Comparison to Previous Work. We compare the DeepStationing to the previous most relevant approach [11] that exploits heuristically pre-defined spatial margins for LNS inference. The DeepStationing outperforms [11] by \(19.2\%\) in DSC, 30.2 mm in HD, and 5.2 mm in ASD. For the ease of comparison, similar to [11], we also merge our LNSs into four LN zones, i.e., supraclavicular (S1), superior (S2, S3, and S4), aortic (S5 and S6) and inferior (S7 and S8) zones, and calculate the accuracy of LN instances that are correctly located in the predicted zones. DeepStationing achieves an average accuracy of \(96.5\%\), or \(13.3\%\) absolutely superior than [11] in LN instance counting accuracy. We tested additionally 2 backbone networks: 3D PHNN (3D UNet with a light-weighted decoding path) and 2D UNet. The DSCs of 3D PHNN and 2D UNet are 79.5% and 78.8%, respectively.
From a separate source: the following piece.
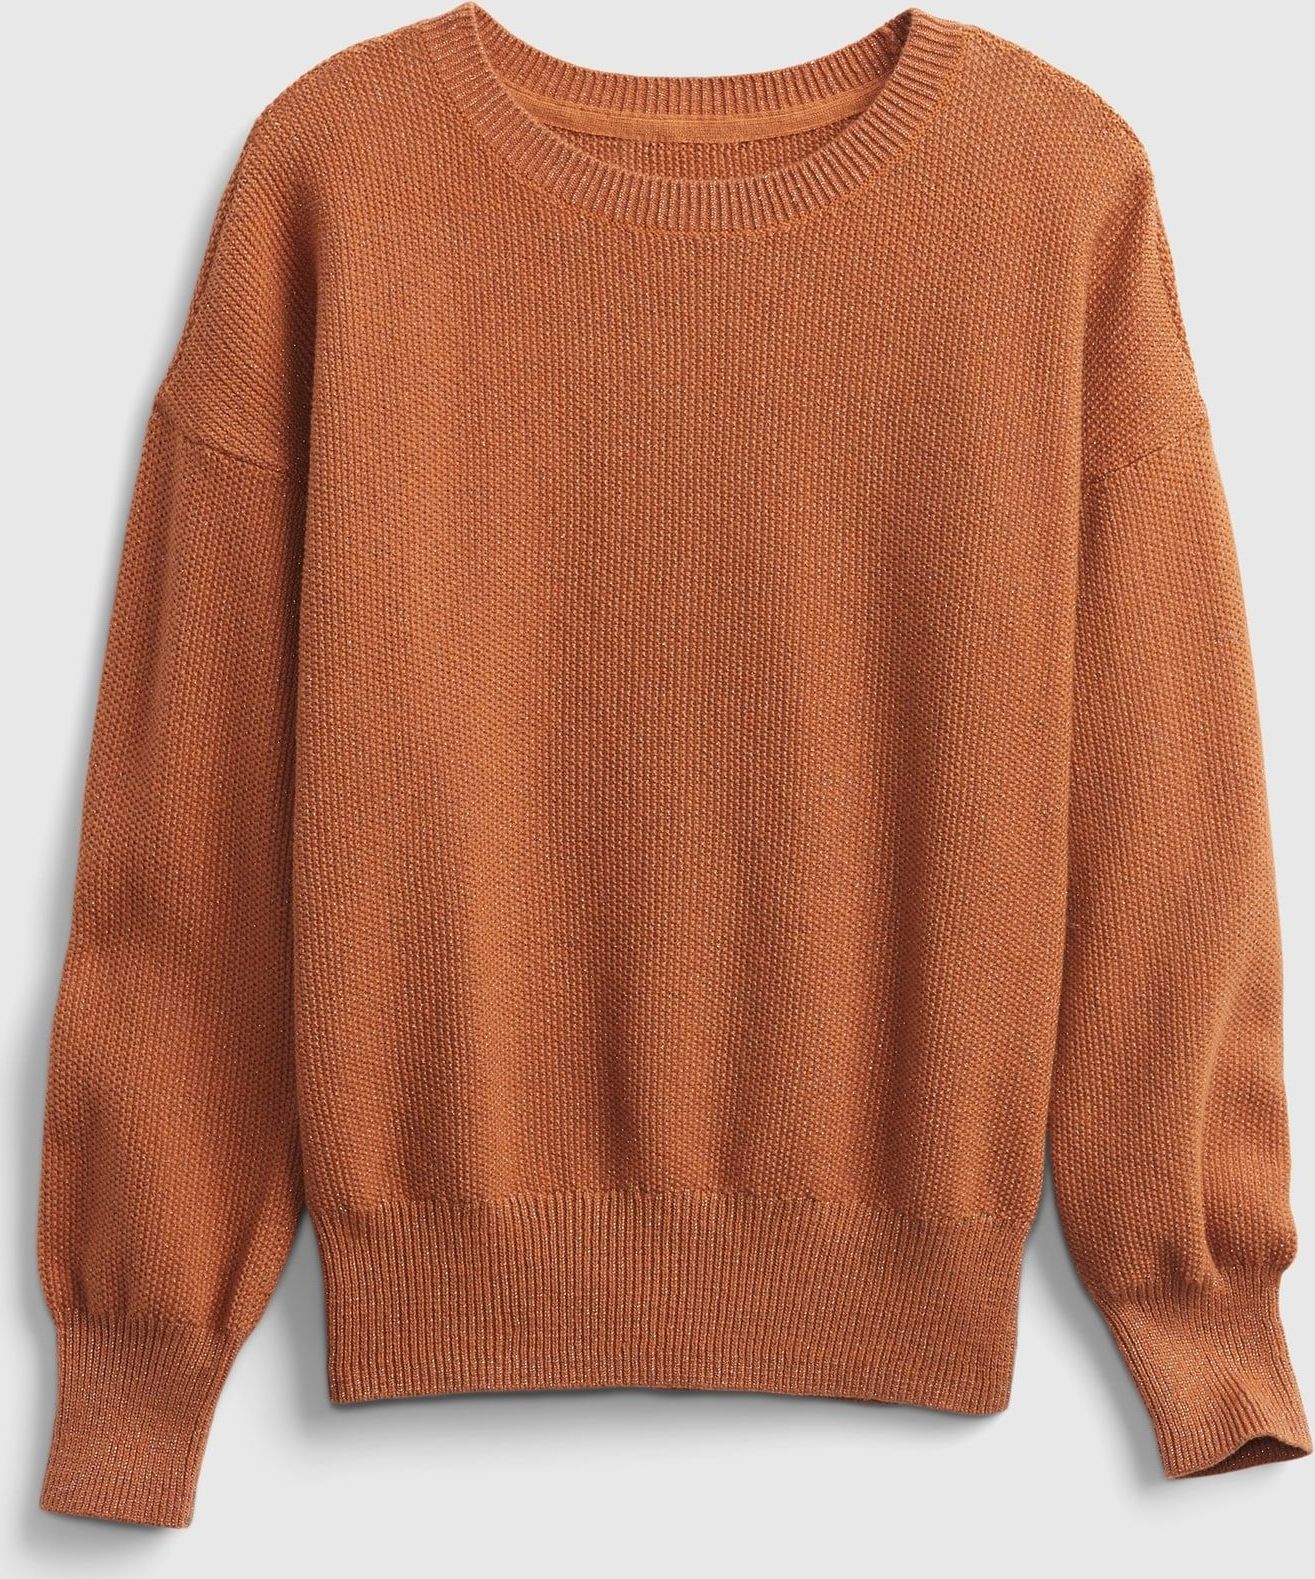 Hnědý holčičí svetr solid slouchy pullover - 98-110 - obrázek 1

The assumed reason for the performance drop might be the loss of the boundary precision/3D information.

4 Conclusion

In this paper, we propose DeepStationing as a novel framework that performs key organ auto-search based LNS parsing on contrasted CT images. Emulating the clinical practices, we segment the referencing organs in thoracic region and use the segmentation results to guide LNS parsing. Different from employing the key organs directly suggested by oncologists, we search for the key organs automatically as a neural architecture search problem that can opt for optimal performance. Evaluated using a most comprehensive LNS dataset, DeepStationing method outperforms previous most relevant approach by a significant quantitative margin of 19.2% in DSC, and is coherent to clinical explanation. This work is an important step towards reliable and automated LNS segmentation.